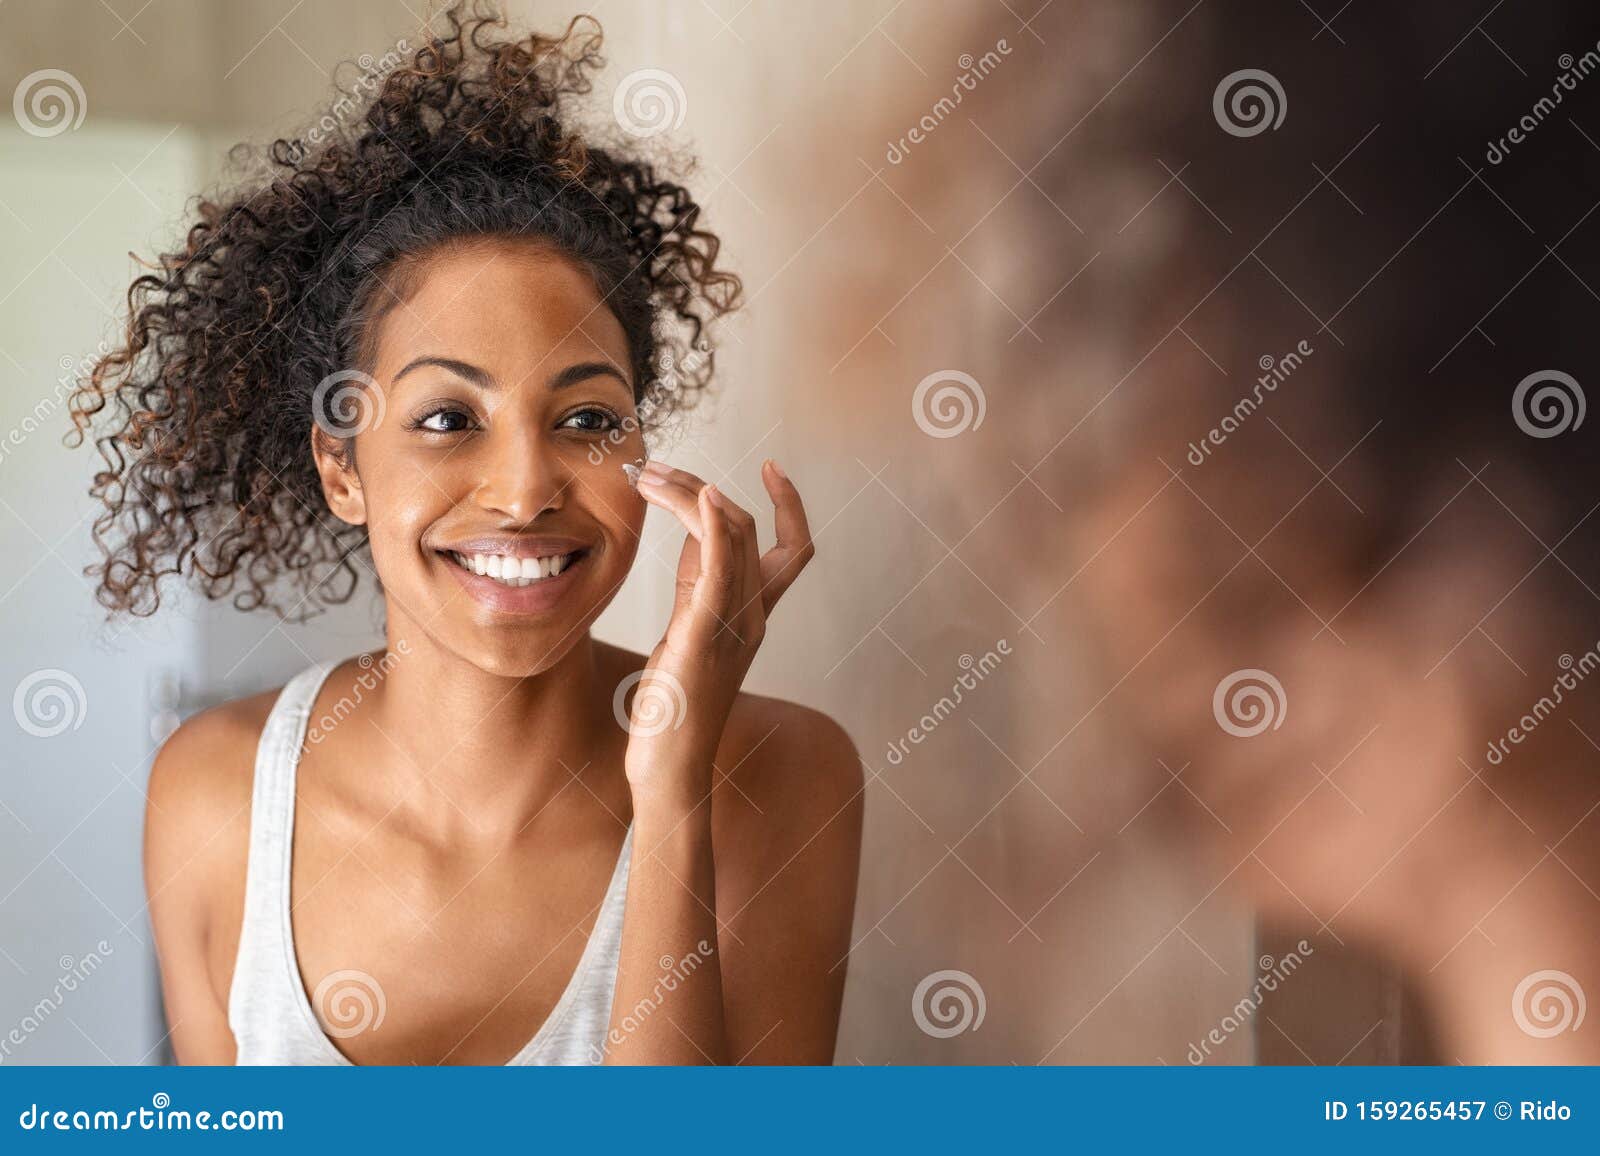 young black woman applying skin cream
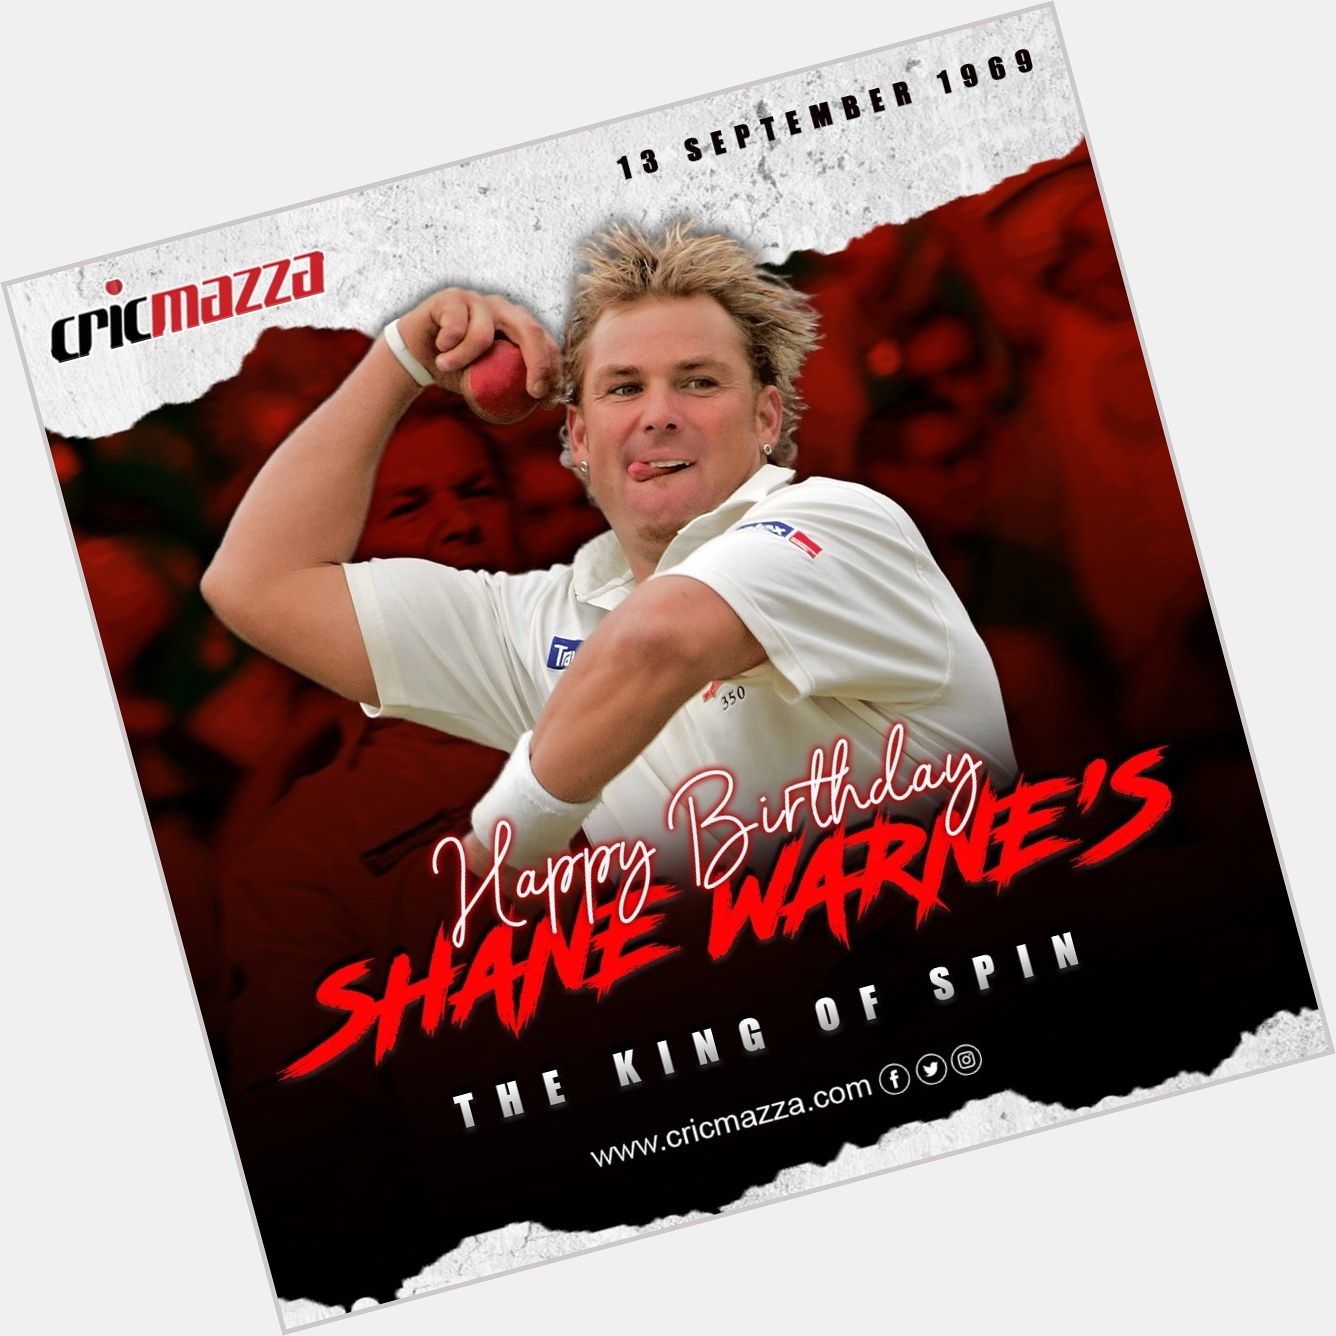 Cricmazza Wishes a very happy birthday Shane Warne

...

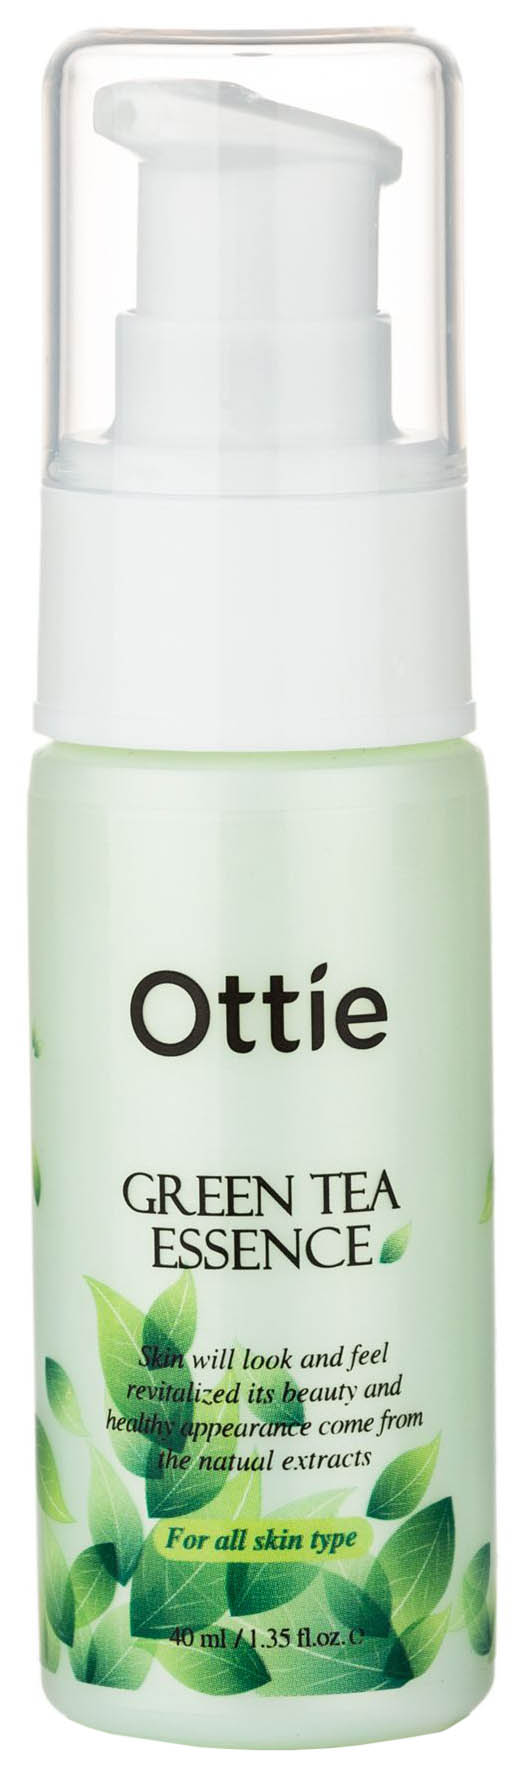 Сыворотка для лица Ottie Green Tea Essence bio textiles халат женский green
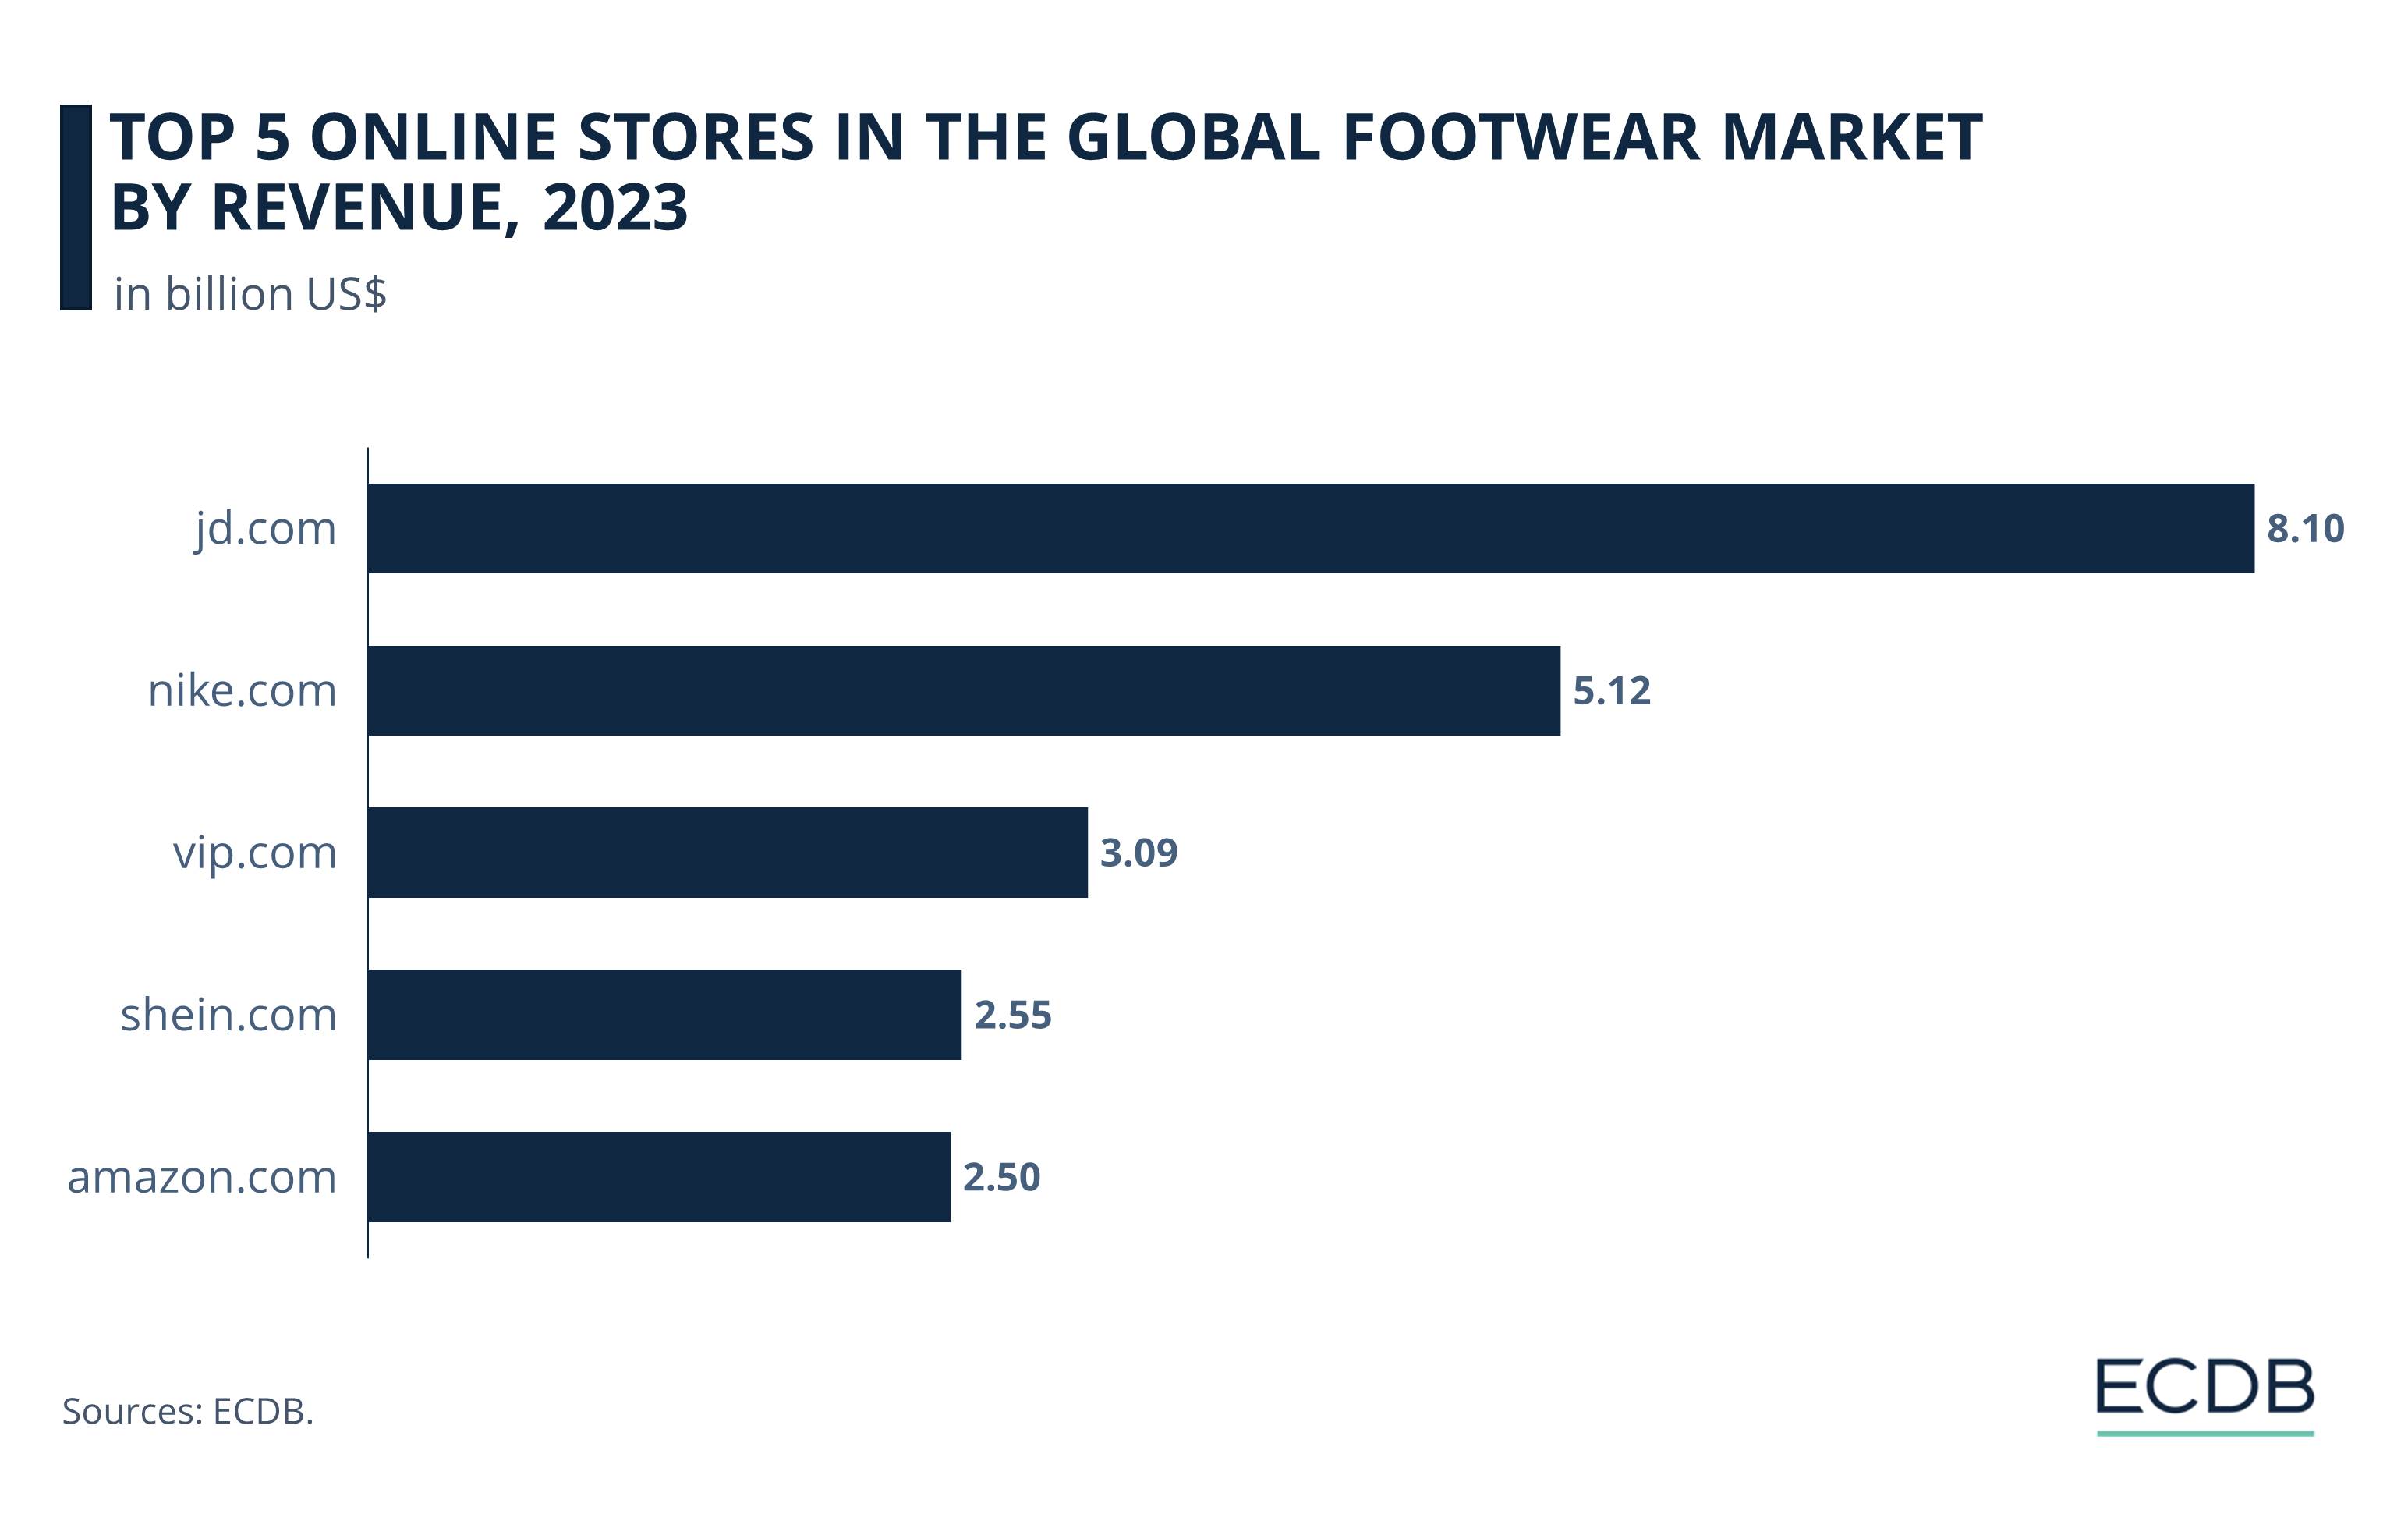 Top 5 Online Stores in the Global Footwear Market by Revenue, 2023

---

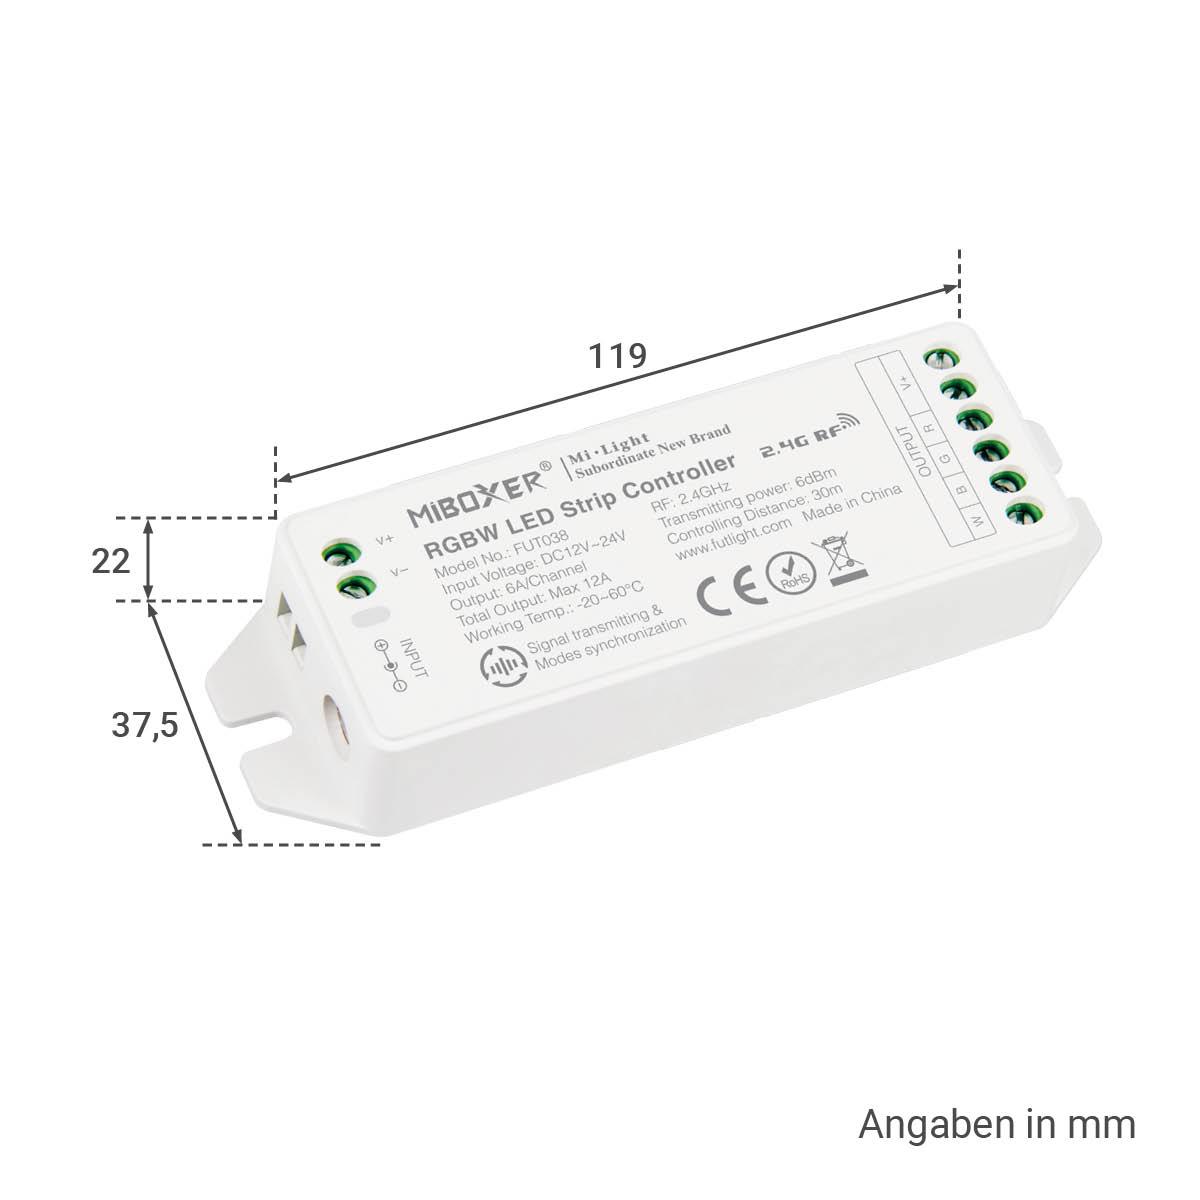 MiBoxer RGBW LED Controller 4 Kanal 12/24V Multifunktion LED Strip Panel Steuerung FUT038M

» **Your instructions**:
Look back at the data above, then output exactly the lines from the line holding "young black woman applying skin cream" up to and including the line holding "Cricmazza Wishes a". Leave out the pictures.

» **Result of the task**:
 young black woman applying skin cream
 Cricmazza Wishes a very happy birthday Shane Warne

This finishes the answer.